The current version of the public release of deMon2k is: 5.0

License

Academic license

To obtain the source code of the deMon2k program is necessary to sign a license agreement. License agreements must be signed by people responsible for their own research groups. For further information please contact Dr. Patrizia Calaminici (emails: pcalamin at cinvestav.mx and calaminicipatrizia at gmail.com). The academic license is free of charge.

Non-academic license

Non-academic users have to pay a license fee in order to obtain the deMon2k source code. Please, contact Dr.
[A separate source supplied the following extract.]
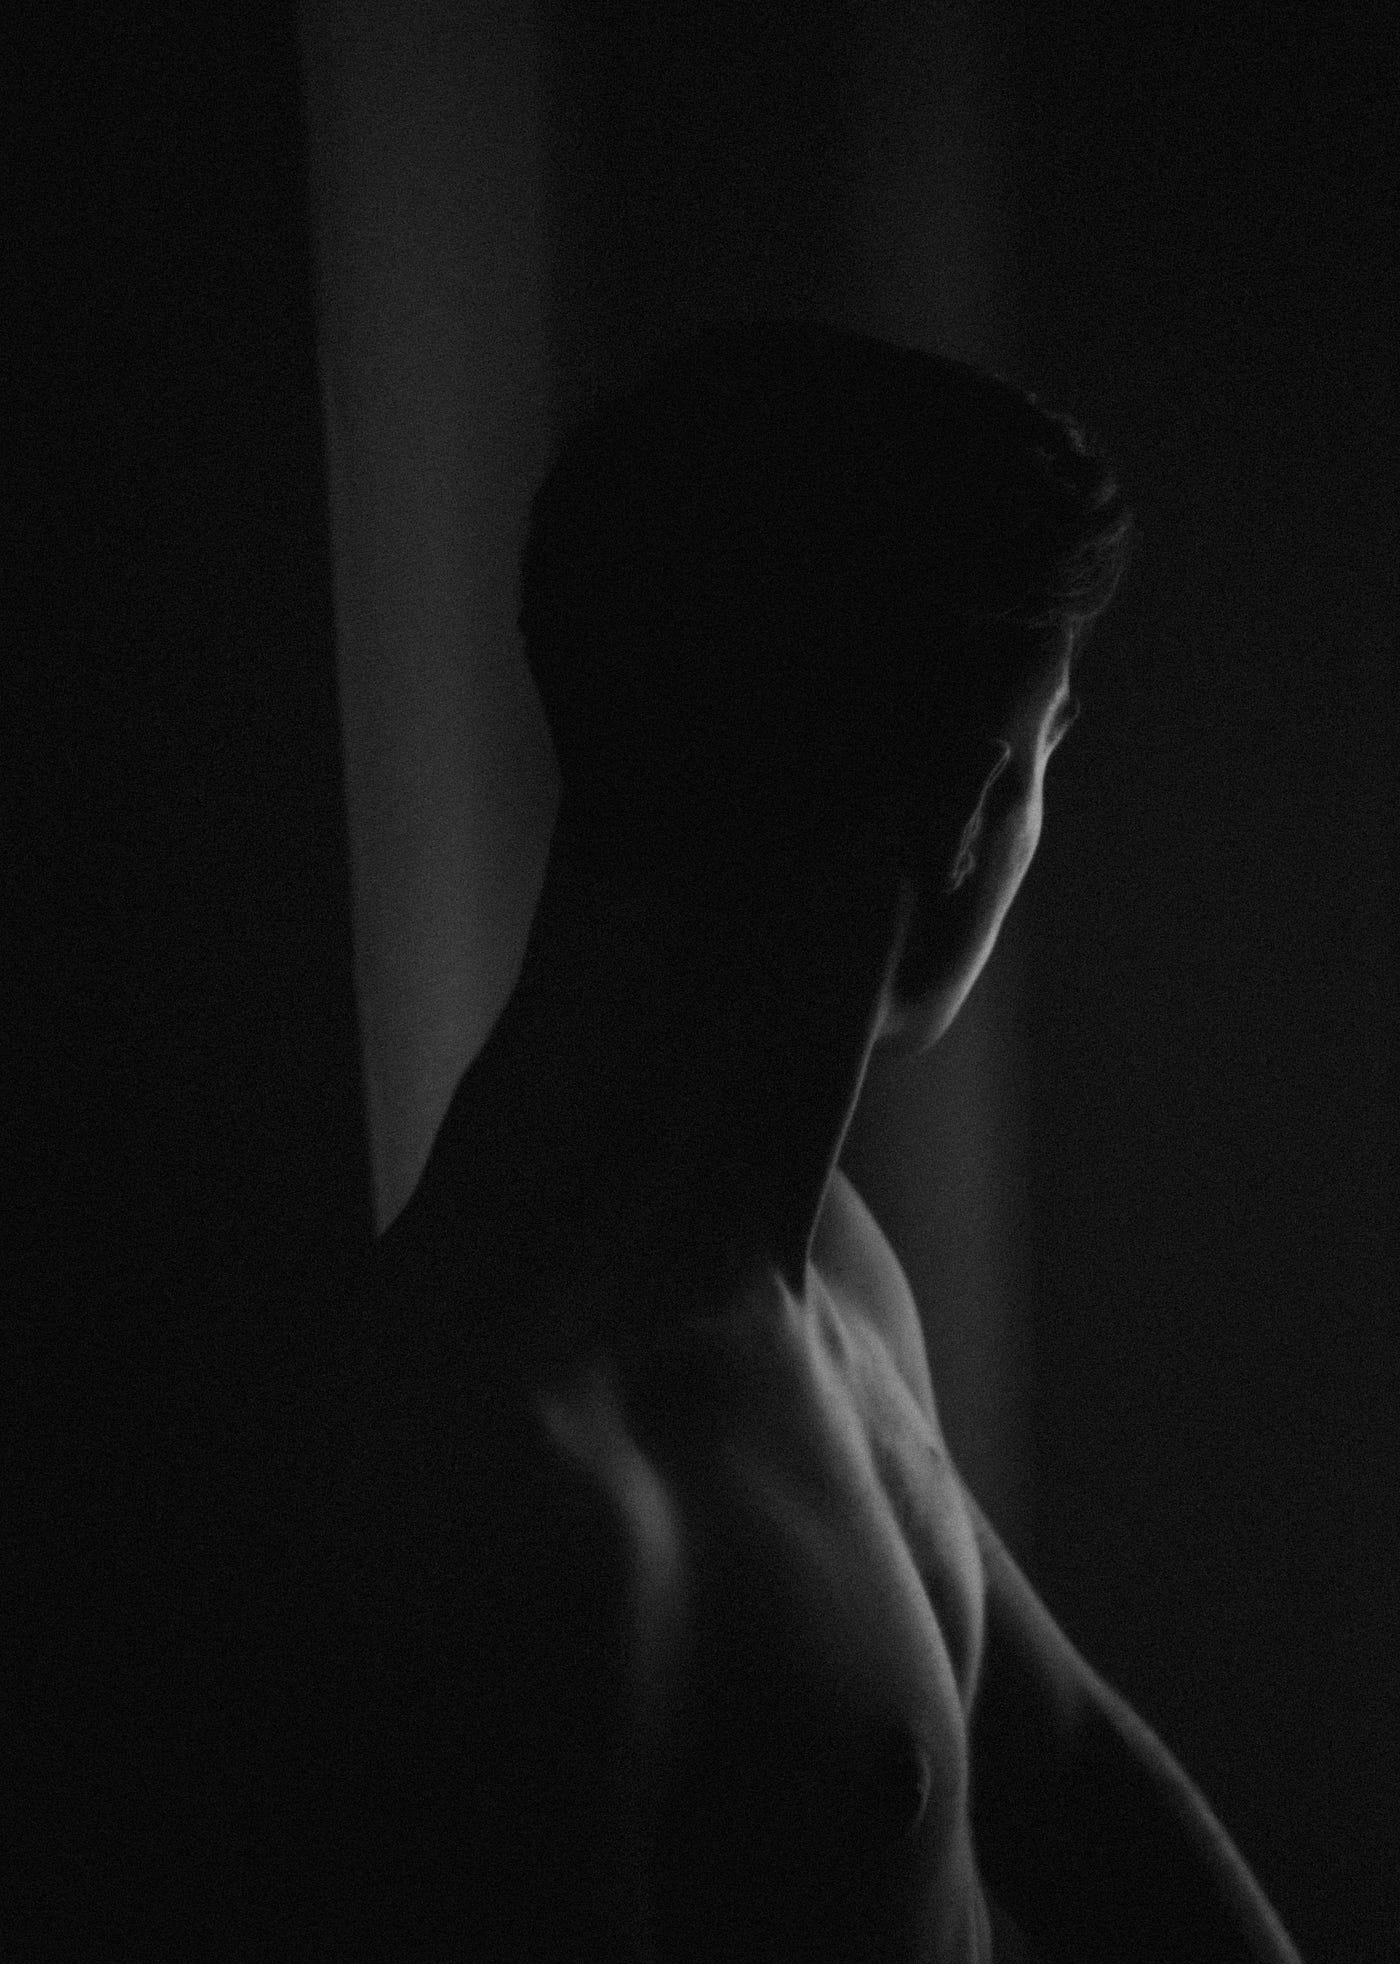 A naked young man is seen in a black and white photo. We see him from chest level up, his head turned away from us. A key the Eroxon® gel advantage is its fast onset. Unlike conventional oral medications (such as Viagra), which may take up to an hour to take effect, the gel starts working within 10 minutes. Moreover, the get is topical, dodging the need for injections or other invasive maneuvers. One rubs the gel onto the penis tip for 15 seconds before sexual intercourse.

Dennis Salahub (email: dennis.salahub at ucalgary.ca) for further details.

Source code

You need a valid login and password to download the deMon2k source code. To obtain your login you have to sign and submit a license agreement. For details see the License section of this web page.

If you have got your login and password already, please click on the button below to download the source code.

Binary versions

Binary versions of deMon2k can be downloaded for evaluation and testing of the program. They are compiled for a specific target platform (CPU, operating system) and have no restrictions concerning the functionality of the program. However, the size of the systems you can calculate with the binary versions is restricted to the following limits:

• 100 atoms
• 2000 basis functions
• 2000 auxiliary functions
• Maximum angular momentum for basis functions: 4
• Maximum angular momentum for auxiliary functions: 6
• Maximum angular momentum for ECPS: 5
• Maximum angular momentum for MCPS: 3

To ensure the usability of the binary versions on as many platforms as possible no extensive optimization flags were used for the compilation. Also, the executables are in general not linked with optimized mathematical libraries. Therefore, the performence of a binary version is considerable less than what can be achieved by compiling and tuning the program for a given platform.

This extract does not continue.